A small Jewish community in Ireland has documented more than 140 antisemitic incidents in just six months through a newly established reporting system, in what marks the first formal attempt to track such incidents in the country.
The Jewish Representative Council of Ireland published its findings on Monday, covering the period between July 2025 and January 2026. Ireland’s Jewish population numbers approximately 2,200 people, making the 143 reported incidents — which included verbal abuse, vandalism, threats, discrimination and direct digital hate messages — a significant figure relative to the size of the community. Physical assaults were less common, accounting for three of the reported cases.
A notable finding was that 30 per cent of the incidents were triggered by visible markers of Jewish identity, such as a Jewish symbol, a Hebrew accent or speaking Hebrew in public. JRCI chair Maurice Cohen said such patterns could not be addressed through standard anti-racism frameworks alone. “Antisemitism presents distinct characteristics requiring targeted policy responses,” he said, calling for “a dedicated, standalone national plan to combat antisemitism in Ireland.”
The report also highlighted that 25 of the recorded incidents involved Holocaust distortion or antisemitic conspiracy theories — a finding that sits alongside a Claims Conference survey from January in which nine per cent of Irish adults said they believed the Holocaust was a myth, and a further 17 per cent believed the number of Jews killed had been greatly exaggerated. Half of Irish adults surveyed did not know that six million Jews were killed in the Holocaust.

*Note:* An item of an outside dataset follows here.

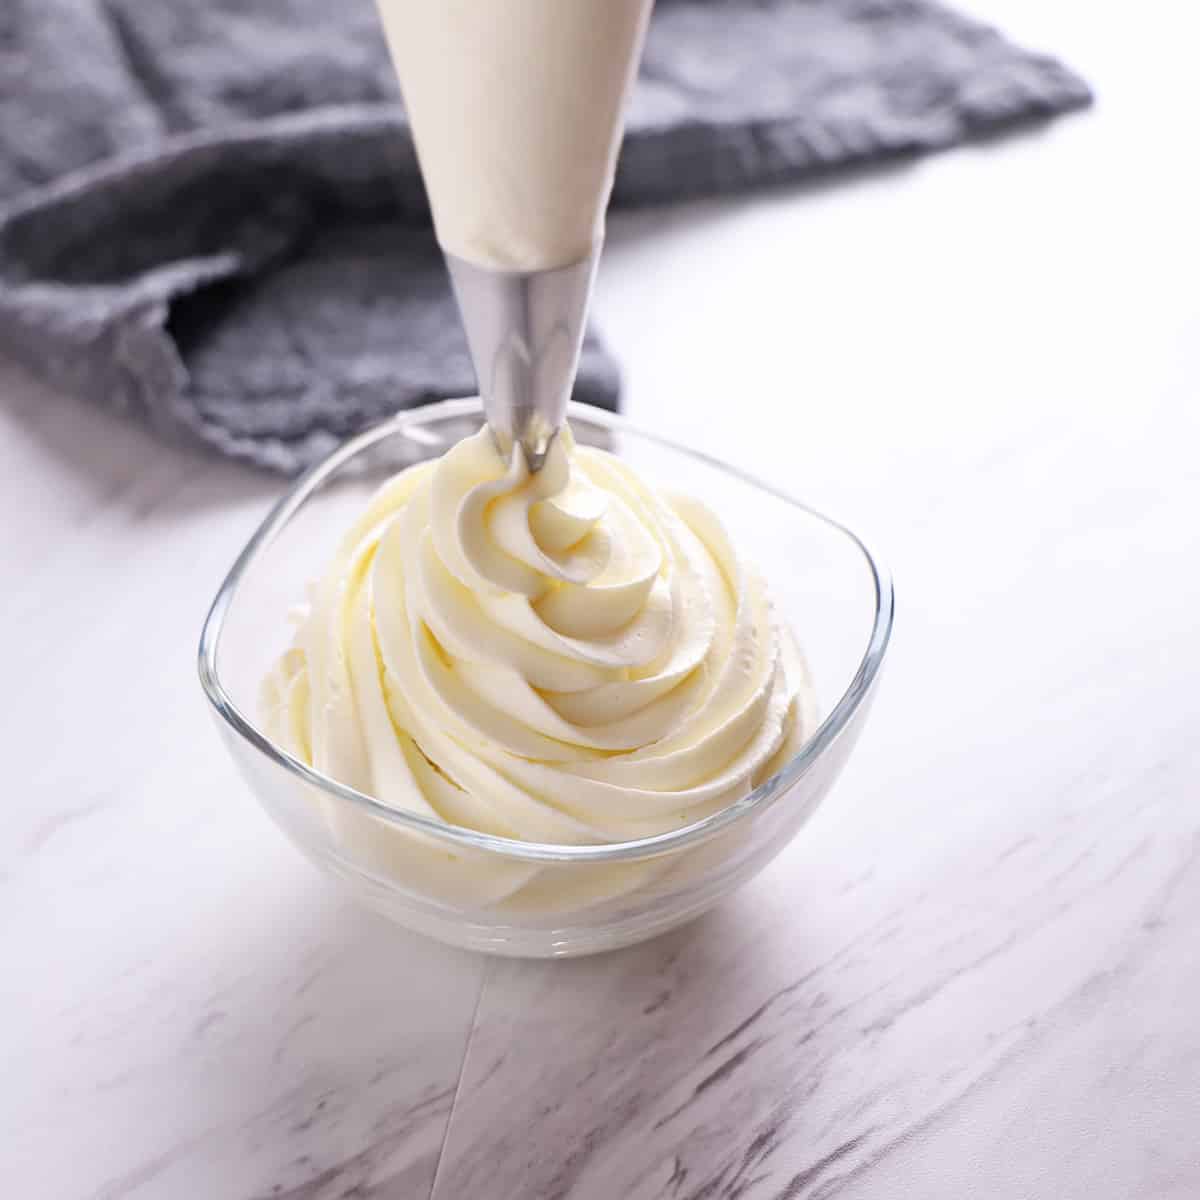 Chantilly Cream (French whipped cream) - Amira's Pantry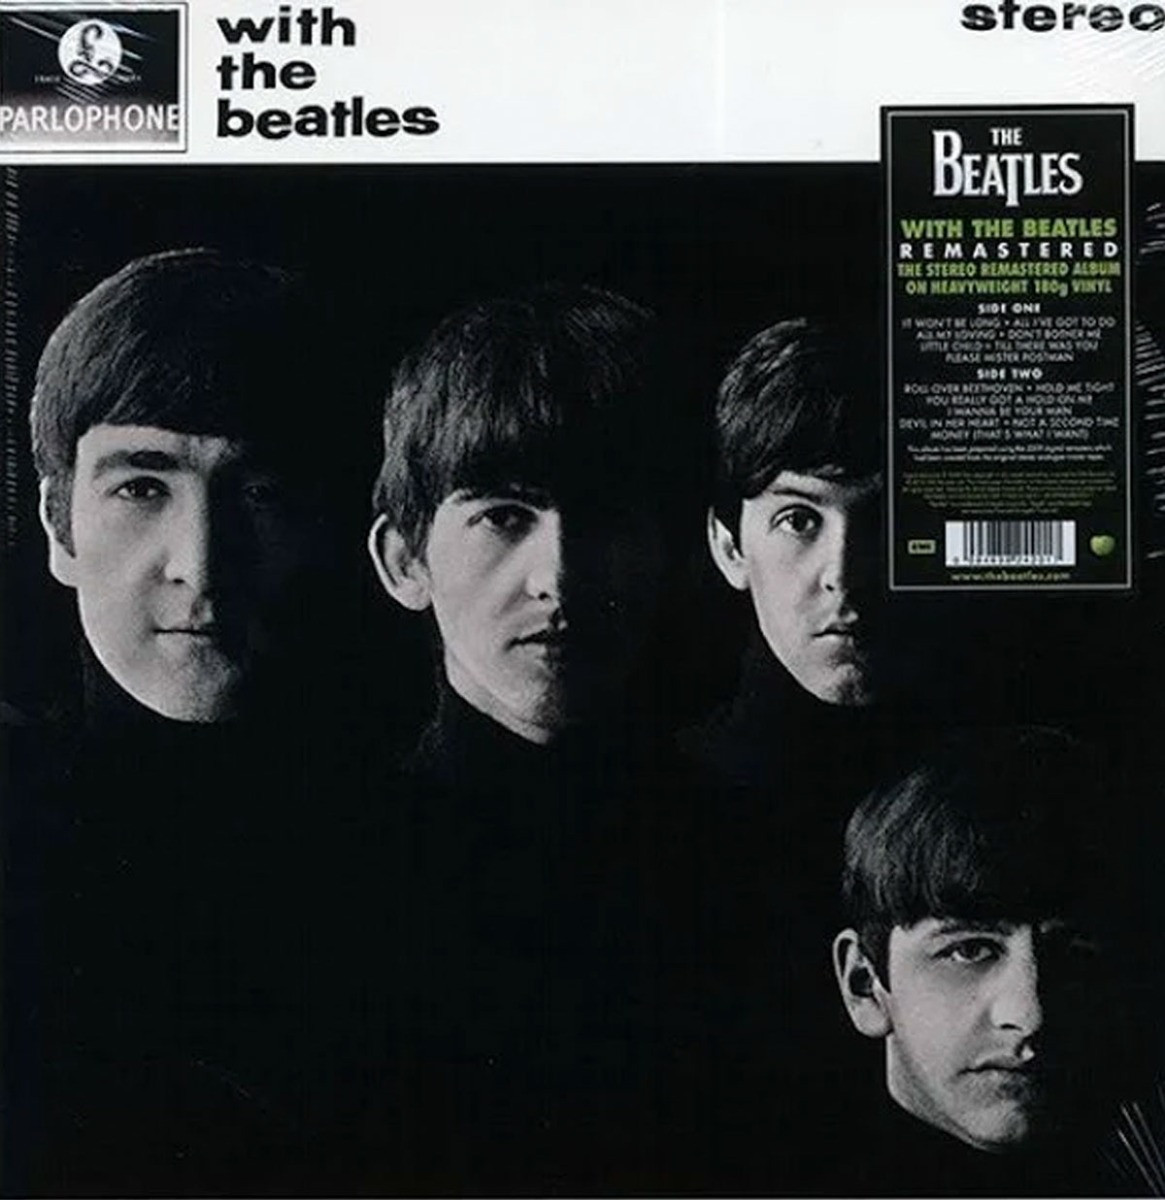 The Beatles - With The Beatles LP

The JRCI acknowledged that all incidents were self-reported and could not be independently investigated. Crucially, Ireland currently has no official state mechanism for recording antisemitic incidents, and while police record hate crimes based on nationality, ethnicity or religion, antisemitism is not tracked as a separate category.
Ireland’s chief rabbi Yoni Wieder said the report reflected what he already heard from members of his congregation. “What it does show is that antisemitism surfaces often enough, and in ordinary enough settings, that it cannot be dismissed as rare or confined to the margins of society,” he said. “This means that for many, Jewish belonging in Ireland feels more fragile than it should.”
Taoiseach Micheál Martin acknowledged at an International Holocaust Remembrance Day ceremony in January that Ireland’s Jewish community was “experiencing a growing level of antisemitism” and that public discourse had “coarsened.”
The findings are expected to renew calls for the Irish government to introduce a formal, state-level mechanism for monitoring and responding to antisemitic incidents.